Jakarta (ANTARA News) - Borok calon presiden Amerika Serikat dari Partai Republik, Donald Trump, kembali terekspos setelah perusahaannya diketahui pernah berbisnis di Kuba, dan ini mendorong lawannya dari Partai Demokrat, Hillary Clinton, angkat bicara dengan menyatakan Trump telah melanggar undang-undang Amerika Serikat.

Newsweek Kamis waktu AS lalu melaporkan bahwa sebuah perusahaan hotel dan kasino milik Trump diam-diam menjalin bisnis dengan Kuba yang adalah ilegal karena waktu itu AS menerapkan sanksi kepada pemerintahan presiden Kuba (waktu itu) Fidel Castro.

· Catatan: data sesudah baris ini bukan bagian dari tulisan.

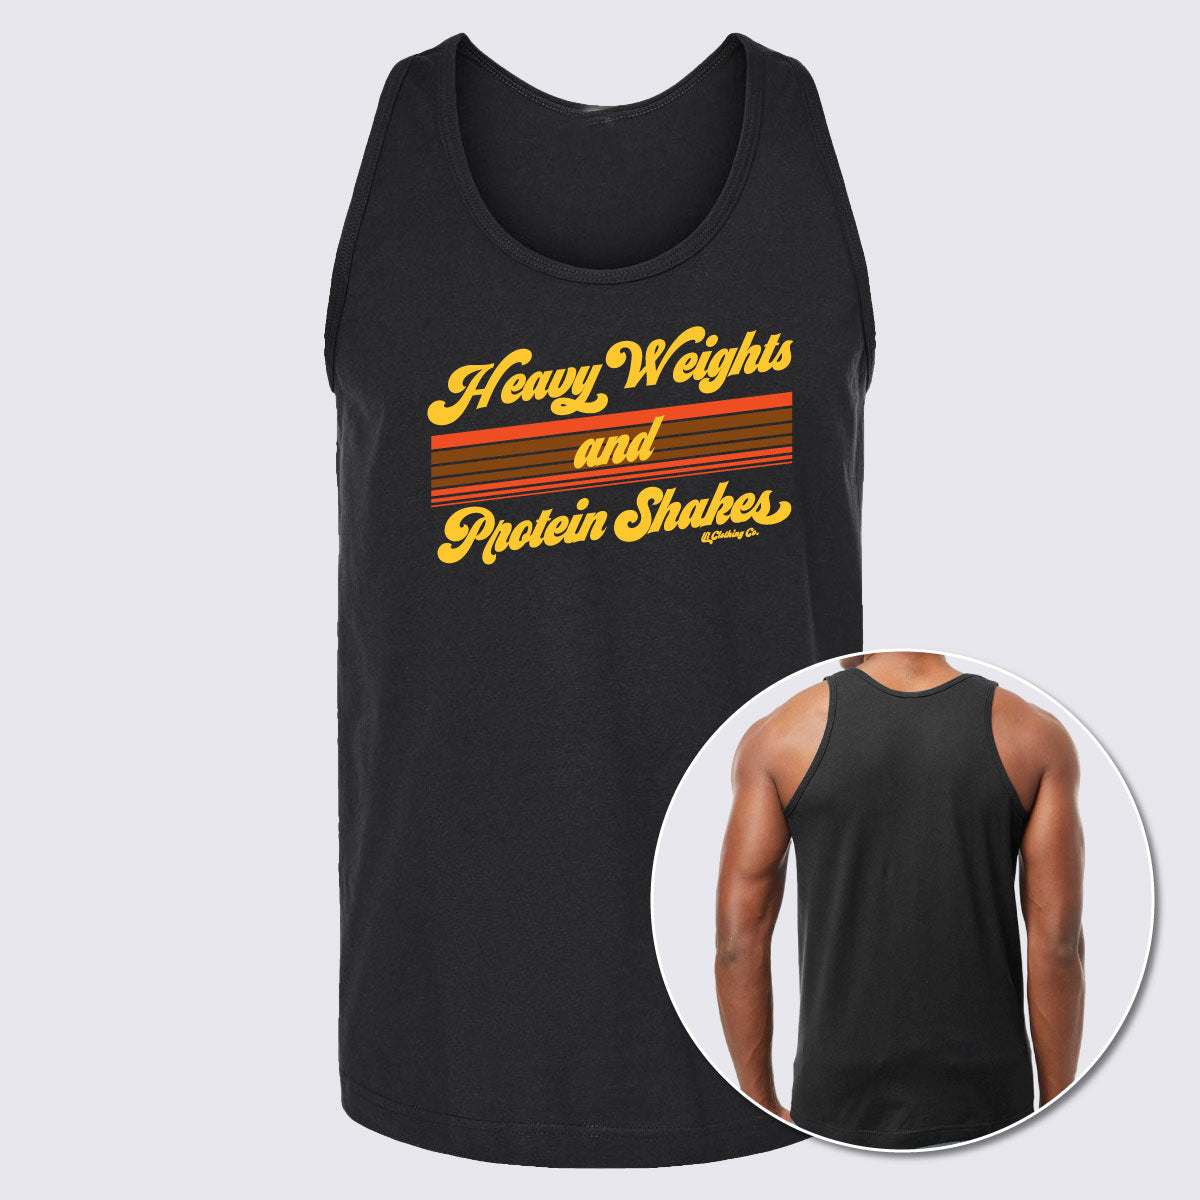 Heavy Weights &amp; Protein Shakes Unisex Fine Jersey Tank Top

"Hari ini kita mengetahui usaha-usahanya untuk berbisnis di Kuba yang jelas menyalahi undang-undang AS, jelas-jelas mencemooh kebijakan luar negeri Amerika, dan dia dengan konsisten menyesatkan rakyat dalam menjawab pertanyaan apakah dia telah berusaha berbisnis di Kuba," kata Hillary kepada wartawan di pesawat kekampanyeannya.

Hillary dan Trump bersaing sengit menjelang Pemilu Presiden 8 November.

Newsweek, mengutip wawancara dengan bekas eksekutif Trump, dokumen internal perusahaan dan berkas pengadilan, melaporkan bahwa perusahaan Trump telah mengeluarkan paling tidak 68.000 dolar AS untuk kunjungan ke Kuba pada 1998 ketika perjalanan bisnis ke Kuba dilarang oleh pemerintah AS.

Perusahaan Trump itu tidak secara langsung membelanjakan uangnya, namun menyalurkan dana tunai untuk kunjungan ke Kuba itu melalui sebuah perusahaan konsultan Amerika, lapor Newsweek.

Mengutip bekas eksekutif Trump, Newsweek menyebutkan bahwa tujuan kunjungan ke Kuba itu adalah memberikan batu pijakan kepada perusahaan Trump sebagai ancang-ancang seandainya embargo AS ke Kuba dicabut oleh Washington.

Bekas eksekutif itu mengaku Trump ikut dalam pembahasan tentang kunjungan ke Kuba itu dan tahu itu terjadi, demikian Reuters.